Так, развлекая друг друга ничего не значащими репликами, почти как в старые добрые времена (хотя тогда у нас были совершенно иные темы для разговоров – все больше о девчонках и видеоиграх), мы выбрались на трассу и, минуя мост, прямиком потопали в направлении белеющего на горизонте бетона.
– Приятно ощутить под ногами нормальную дорогу, – заметил я, когда за спины нам уплыл изрядно покореженный знак скоростного ограничения, под которым болталась изрешеченная пулями жестянка, предупреждающая о том, что впереди лежат частные владения.

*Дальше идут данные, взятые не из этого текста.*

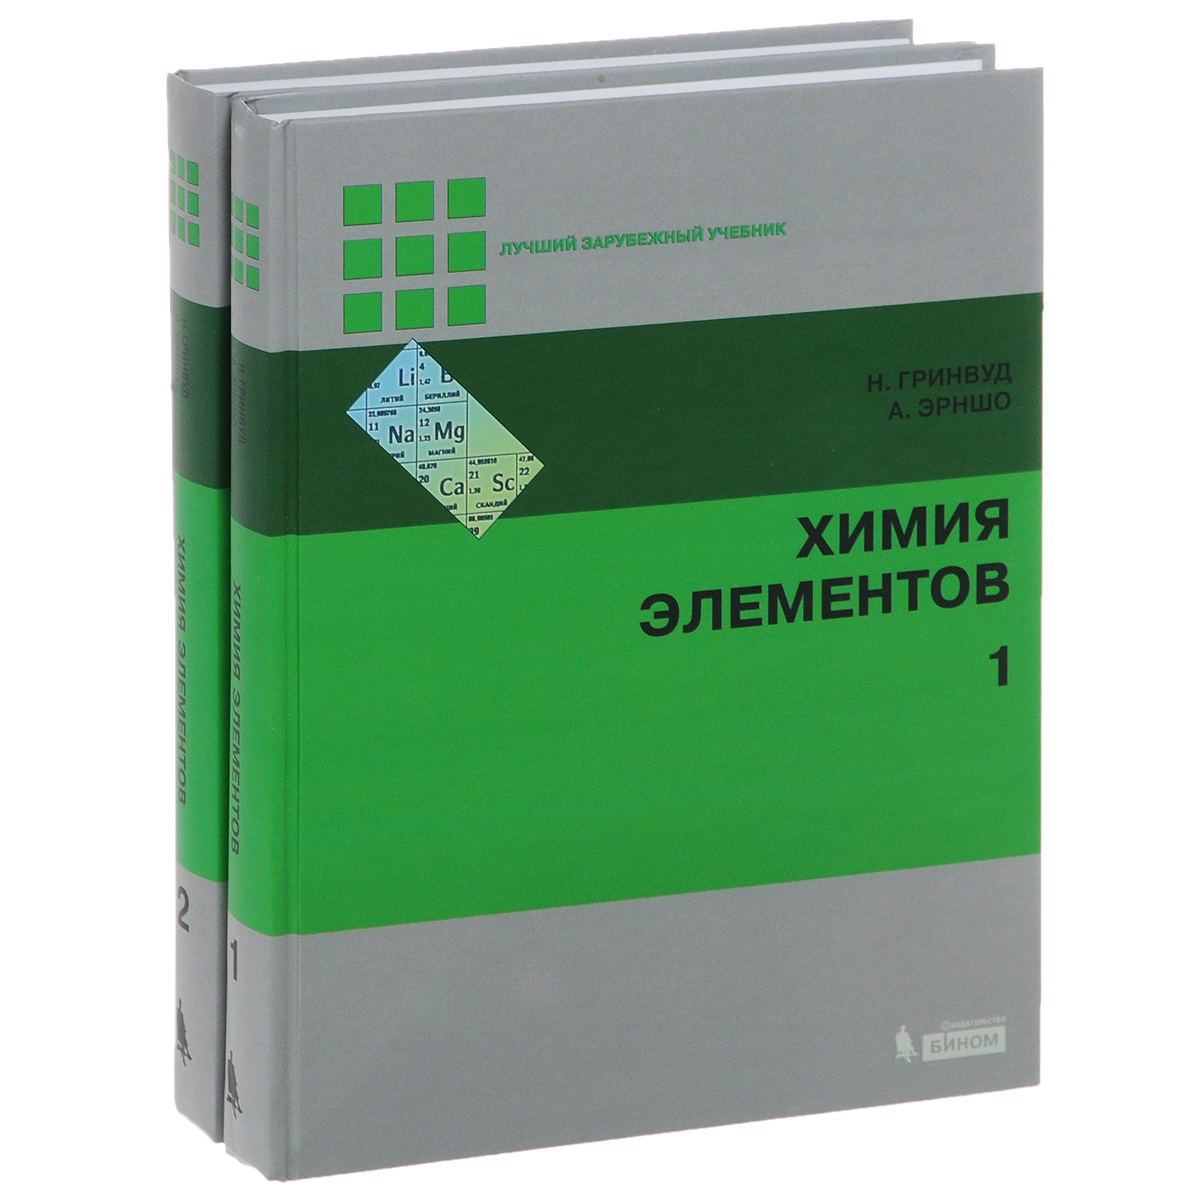 Химия элементов. В 2 томах (комплект). Н. Гринвуд, А. Эрншо

– Дорога жизни, – мрачно сказал Штырь. То есть в голосе у него никогда не наблюдалось особого воодушевления, но эти слова прозвучали как-то особенно хмуро даже для такого существа, как Штырь.
– Не понял. Ты чего?..
– Да так… Видишь? – Он указал рукой на вплавившийся в землю железный остов. – После первых атак народ, кто побойчее, рванули к губерской резиденции. Кто-то искал защиты, кто-то справедливости. И пешком шли, и на машинах, у кого целы остались. Для многих несчастных дорога эта была дорогой жизни, дорогой надежды…
– Да ты поэт.
– Это они поэты. Были.
За первым сожженным авто открылось второе, третье. Издалека их легко было принять за очередные пеньки, но вблизи детали становились узнаваемы. Тэк-с, тэк-с – щелкал хронометр, а в памяти всплывали уже подзабытые названия: «москвич», «Лада Гранта», «Форд Фокус», «копеечка». Несколько десятков обгоревших машин по обе стороны от дороги, некоторые почти целиком утонули под слоем земли и пепла.

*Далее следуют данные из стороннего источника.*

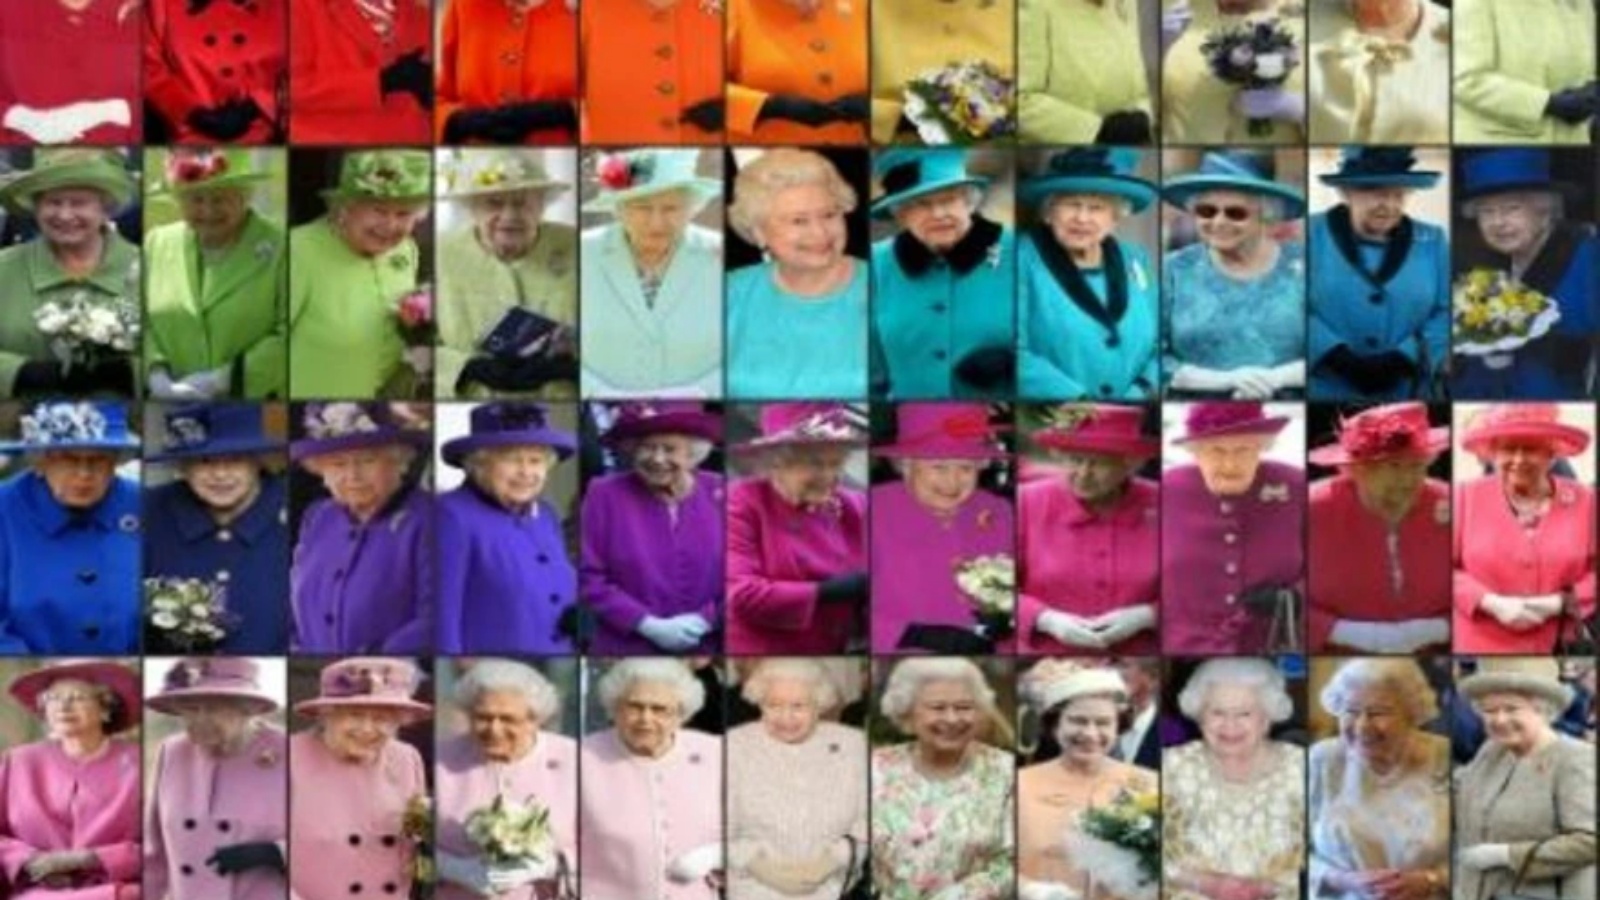 صورة رُكبت في 29 اكتوبر تظهر إطلالات عدة للملكة إليزابيث الثانية التي اعتمدت تدرجات كثيرة من الألوان على مدار العقود

– Вот почему так долго губерские нас, пейзан, не трогали. Спасибо мертвым поэтам, этим несчастным дебилам, таким, как твой дурачок-приятель Максим. Мясо само шло к ним в руки.
– Как и мы теперь, – я содрогнулся.
Дорога жизни? Дорога смерти… Дорога в никуда, из одного ада в другой.

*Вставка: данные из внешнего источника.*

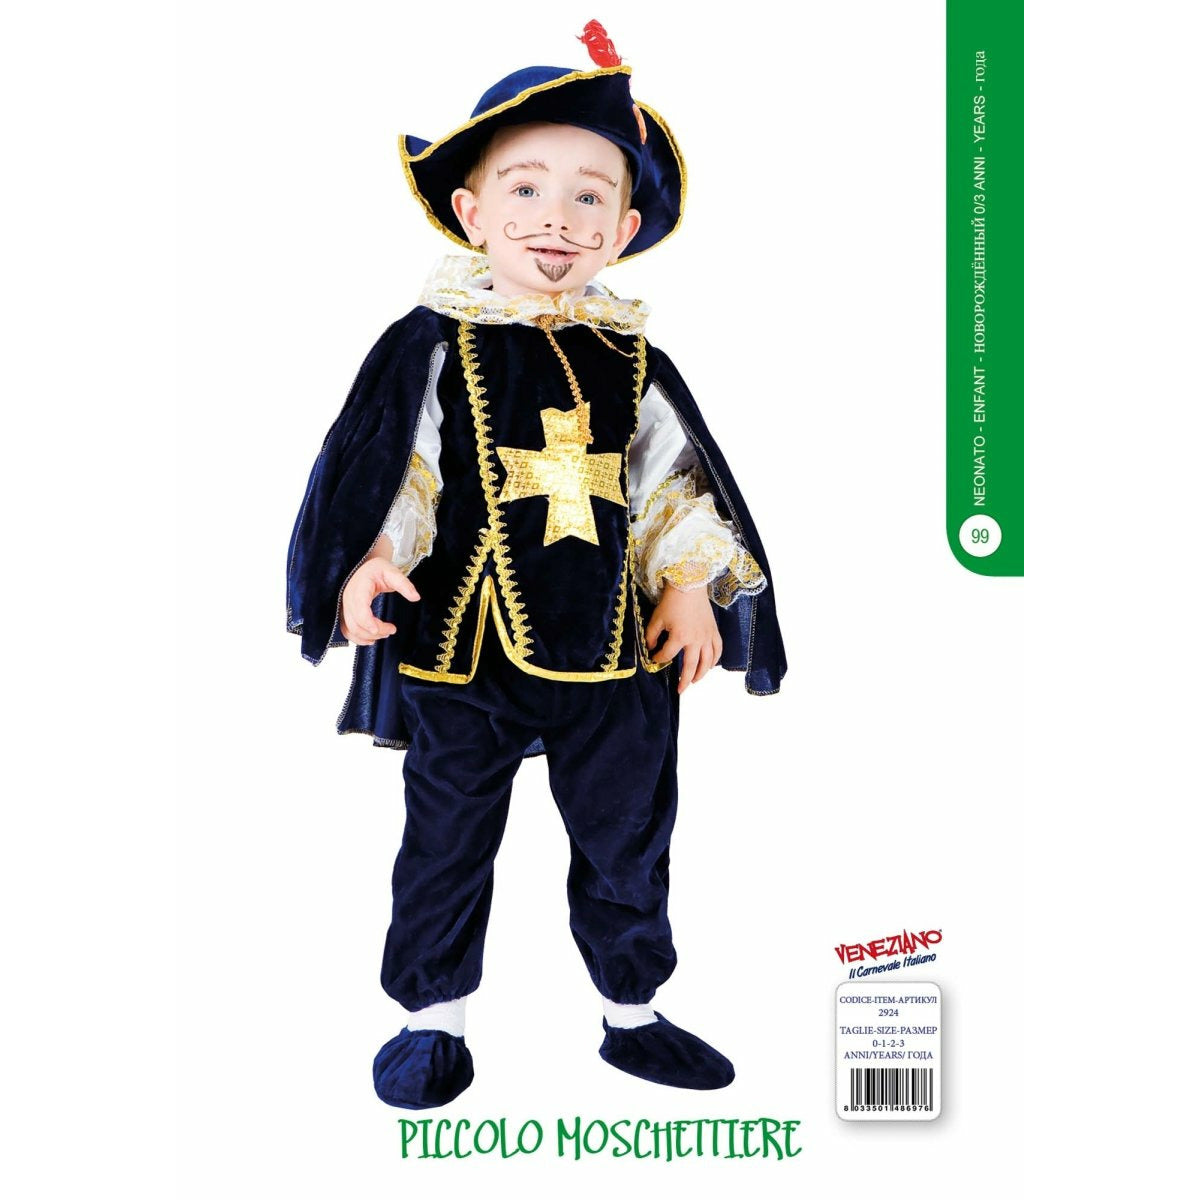 Piccolo Moschettiere - Mstore016 - Carnevale neonato - Veneziano

Некстати вспомнил родителей… Как и миллионы других, батя тоже сгинул на какой-то дороге, откликнувшись на зов Войны. Ему терять, как он считал, было уже нечего – мамке повезло оказаться в числе тех, кого накрыло первой волной, в центре, а я уже был взрослый и жил отдельно, с Янкой. Влившись в какой-то стихийный, вооруженный дрекольем отряд, отец отправился в поход, как он сказал, «на запад», – и ушел навсегда. Когда-нибудь так же уйду и я. Пойду куда глаза глядят, чтобы уже не вернуться. Вопрос лишь в том, будет ли кому продолжить мой путь.
И надо ли его вообще продолжать?..
Штырь приметил у обочины пару зеленоватых стеблей, наклонился, сорвал и отправил в рот. Потом посмотрел на меня снизу вверх. Сказал:
– Асфальт теплый. А солнца нет.
– Губерские?..
– Кто ж еще.
– Значит, выезжали.
– Только до моста не доехали.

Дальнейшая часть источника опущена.